The report further alleged that police planted guns on some suspects and moved some bodies to bolster the official version that all the deaths occurred during a gunbattle. In all, 42 civilians and one federal police officer were killed.

Galindo and National Security Commissioner Renato Sales had said they accepted the commission's recommendations, but denied that police executed anyone. They said the federal officers used necessary force against a heavily armed band of criminals.

After the incident, federal police had said they encountered a truck and took gunfire from its passengers before being led in a chase to the ranch in Tanhuato, near the border with Jalisco state.

The commission's report said the government did not produce evidence supporting that account and it said witness statements suggested 41 federal police officers had sneaked onto the ranch as early as 6 a.m. Officers started their assault at least an hour earlier than they maintained in reporting on the incident, the commission said.

According to the commission's report, after the federal police officer was shot, police called for backup.

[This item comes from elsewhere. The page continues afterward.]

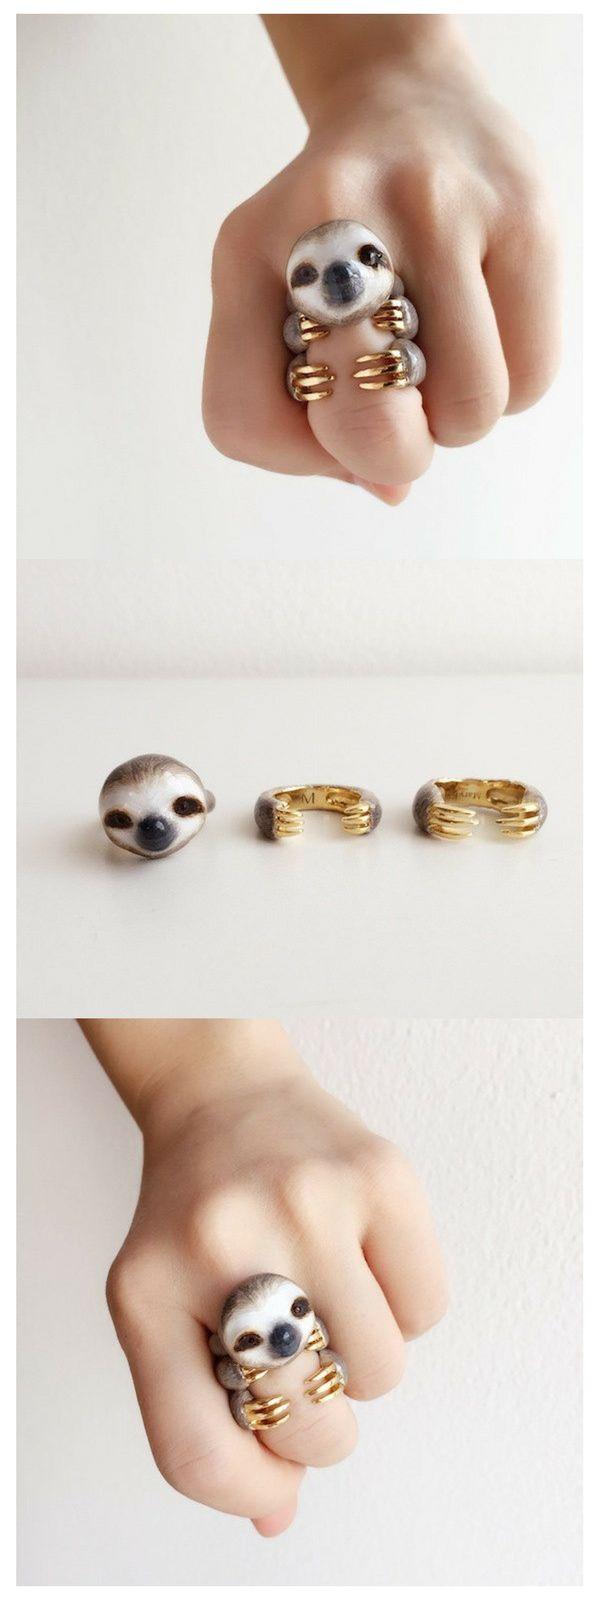 Dieses supersüße Faultier als 3-teiliges Ringset eignet sich perfekt als Geschenk. Doch nicht nur Faultiere auch andere süße Tier Ringe gibt es hier im Shop. Diese handgemachten Ringe sind einfach perfekt als Weihnachtsgeschenk. Der etwas andere Schmuck. This super cute Sloth comes as a 3 piece Ringset and is the perfect handmade gift for Christmas but not only Sloths can be found in the shop. #schmuck #ring #jewlery #ring #accessoires #sloth #faultier #cute #gift

Fifty-four more officers arrived along with a helicopter.

"I think his position was unsustainable after the CNDH report on Tanhuato," Mexico City-based security analyst Alejandro Hope said of Galindo. "It was just a matter of time. There were too many controversies surrounding commissioner Galindo."

The federal police have also been criticized for a June clash in the southern state of Oaxaca in which officers opened fire on protesting teachers and their allies in the town of Nochixtlan. Eight civilians died, seven of them from gunshot wounds. Authorities said the police were fired on first, though others dispute that.

Federal and state forces had moved to clear a highway roadblock by the protesting teachers who responded by hurling fire bombs and rocks at police.

Osorio Chong said Galindo would be replaced by Manelich Castilla Craviotto, who had been in charge of the federal police's gendarmes force.

Hope said Galindo was being replaced with the officer who was perhaps closest to him. Manelich led federal police in San Luis Potosí while Galindo was the head of state police there.

"It's not a sea change, not at all," Hope said.